# Tarragona /Salou



## Townfanjon (Jan 2, 2016)

Hi everyone, we continue our regular trips to Spain and will be looking to spend some time at the Tarragona , Salou area , around May next year , 
To pick your brains , what are your thoughts about the area good and bad . 

Thank you in advance for any replys


----------



## Chopera (Apr 22, 2013)

Salou is almost entirely dedicated to tourism and good for family holidays. It has a large, clean and sandy beach, with plenty of activities and attractions, a couple of good campsites, and the Port Aventura amusement park. However if you are not after a beachy holiday then I can't see the point in going there. There's not much else.

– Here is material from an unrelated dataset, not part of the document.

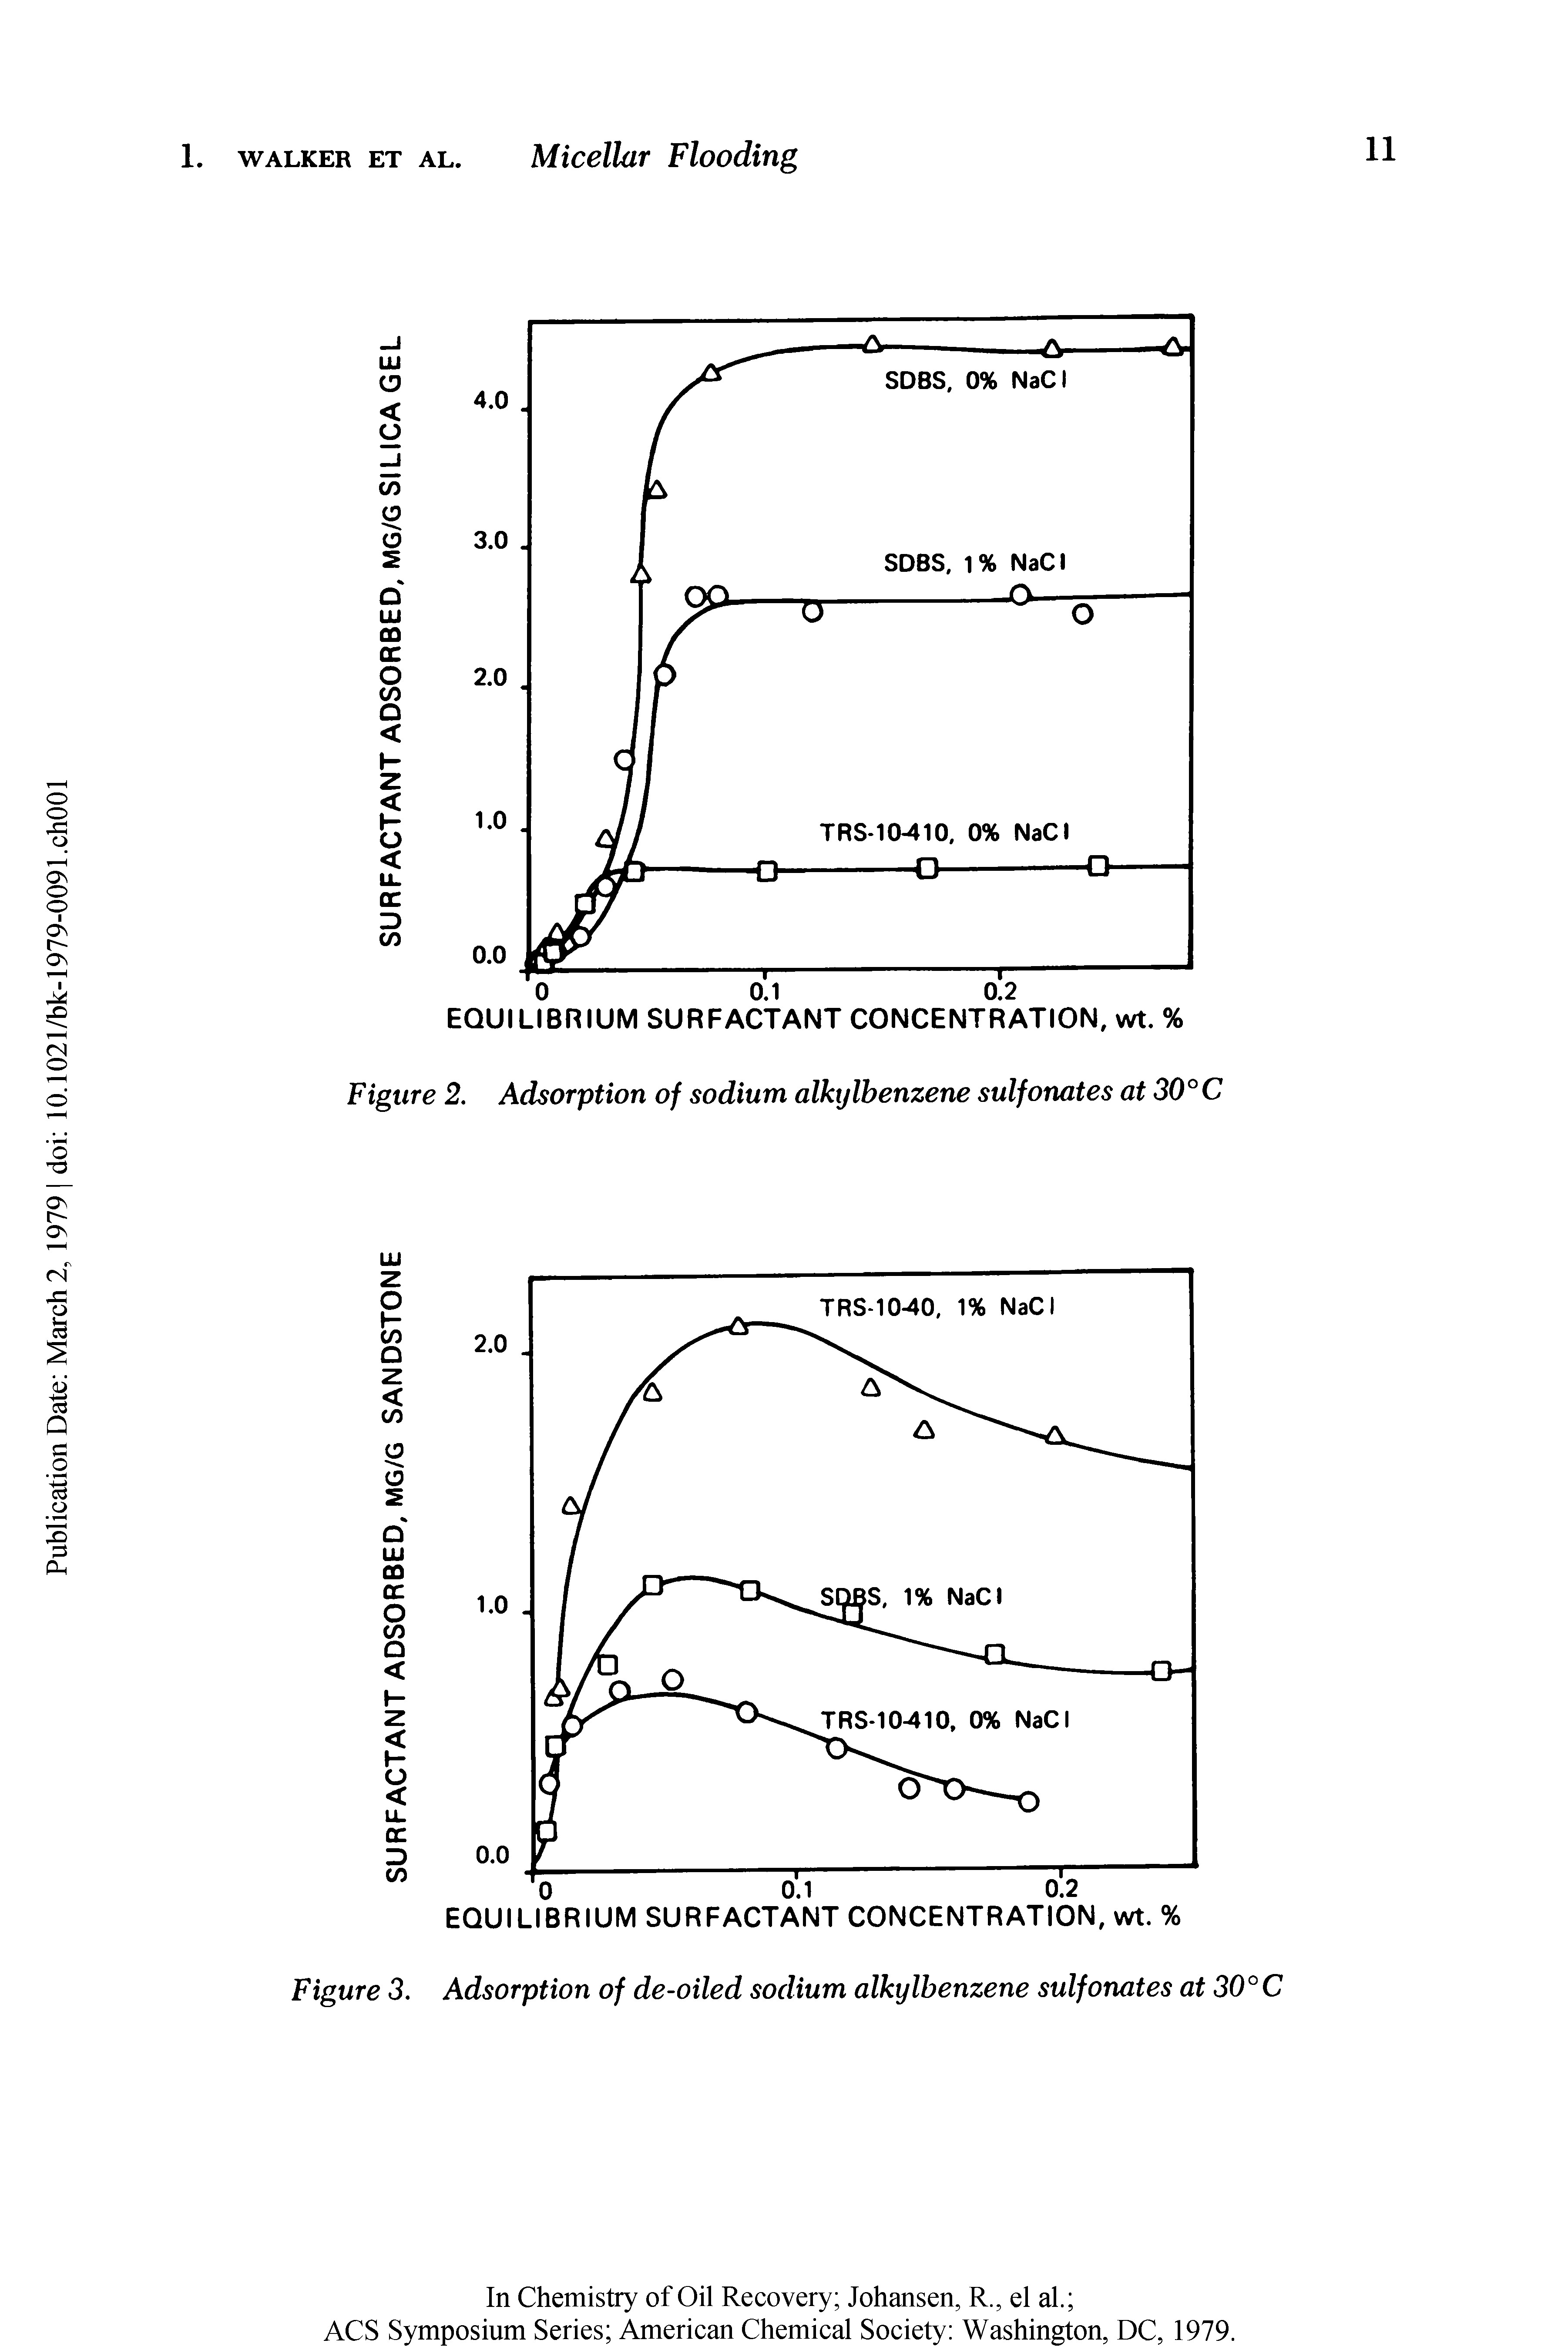 Figure 3. Adsorption of de-oiled sodium alkylbenzene sulfonates at 30°C...

I went to Tarragona (the city) for a day trip about 15 years ago. Apart from the Roman amphitheatre I was disappointed.


----------



## Pesky Wesky (May 10, 2009)

Tarragona - great place. Met my husband there and in September we celebrated 26 years of marriage 
Tarragona's not a bad place to live, although personally I wouldn't want anything to do with Catalonia while the independence issue is going on and it's not likely to calm down for a few years! For a holiday, it's quiet - Barcelona's near, and Salou, but make sure you don't go when there's the British University "sports" week...


----------



## francophile51 (Sep 19, 2017)

I have had a few golf holidays in the area in early Spring - late March early April .Stayed in Salou once and I have never known a place to be so dead in the evening. Struggled to find somewhere to eat walking miles along a deserted "paseo". Cambrils nearby is a complete contrast - a living Spanish town but very much that - not an expat enclave.


----------